Verano Q4 revenue increased 7% year-over-year to $226 million, but also slipped 1% compared to the prior quarter. For the full year, the company reported record revenue of $879 million, a 19% year-over-year increase. “Since the end of 2021, we grew our retail footprint by adding more than 30 dispensaries across multiple core markets, significantly expanded our brand portfolio by launching a number of differentiated products that cater to a variety of consumers, celebrated the launch of adult use sales across our East Coast footprint in New Jersey and Connecticut, refinanced debt in a rising rate environment to include optionality, and made strategic investments to drive greater efficiencies across the business,” said George Archos, founder, chairman and CEO.
Curaleaf Holdings entered into a definitive agreement to acquire Deseret Wellness, the largest cannabis retail operator in Utah, in a cash and stock transaction valued at approximately $20 million. The deal includes three retail dispensaries with a combined annualized revenue run rate of $14 million. At the close of the deal, Curaleaf’s retail footprint will increase to four dispensaries in Utah and 150 nationwide. “This deal represents the largest cannabis retail change of ownership in the state’s history and bolsters our strong position in the market with an attractive portfolio of retail assets,” said Executive Chairman Boris Jordan.
AYR Wellness is getting out of the cannabis business in Arizona. The company, which recently announced it was expanding its Florida footprint also said it’s divesting of its Arizona assets.

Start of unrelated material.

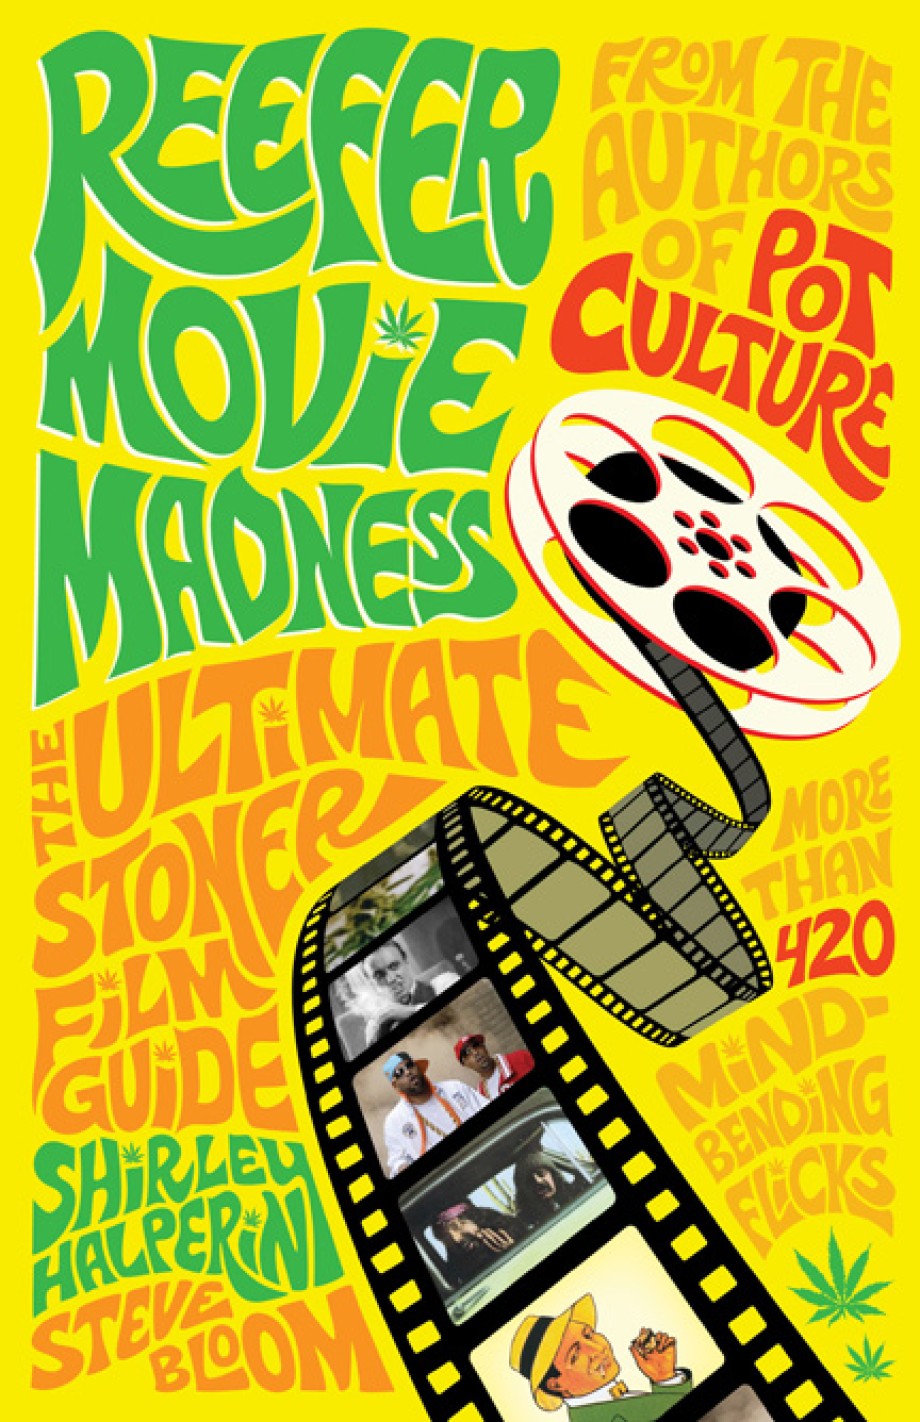 Reefer Movie Madness The Ultimate Stoner Film Guide

AYR sold Blue Camo, LLC to AZ Goat AZ, LLC, a group consisting primarily of the former owners of Blue Camo, who sold the business to AYR in Q1 2021. The sale includes two licensed entities operating three Oasis-branded dispensaries, a 10,000 sq. ft. cultivation and processing facility, an 80,000 sq. ft. cultivation facility, and AYR’s majority interest in Willcox OC, LLC, a joint venture developing an outdoor cultivation facility. “This transaction strengthens our balance sheet by adding cash and reducing net debt and long-term operating leases by approximately $55 million, while improving our working capital position,” said President and CEO David Goubert.
Safe Harbor Financial entered into an agreement with Colorado Credit Union, the company’s largest stockholder, to resolve approximately $64.7 million in total payment obligations owed from the September 28, 2022 business combination in exchange for a 5-year, $14.5 million senior secured note bearing a 4.25% annual interest rate and issuance of 11.2 million shares of Class A common stock in the company. The company said the deal removes previous financial constraints on its business, enabling it to service its current portion of all its long-term debt while better positioning Safe Harbor to pursue a variety of growth opportunities. “We believe this agreement reflects our strategic partner’s confidence in our ability to execute our long-term growth plans and build shareholder value,” said CEO Sundie Seefried.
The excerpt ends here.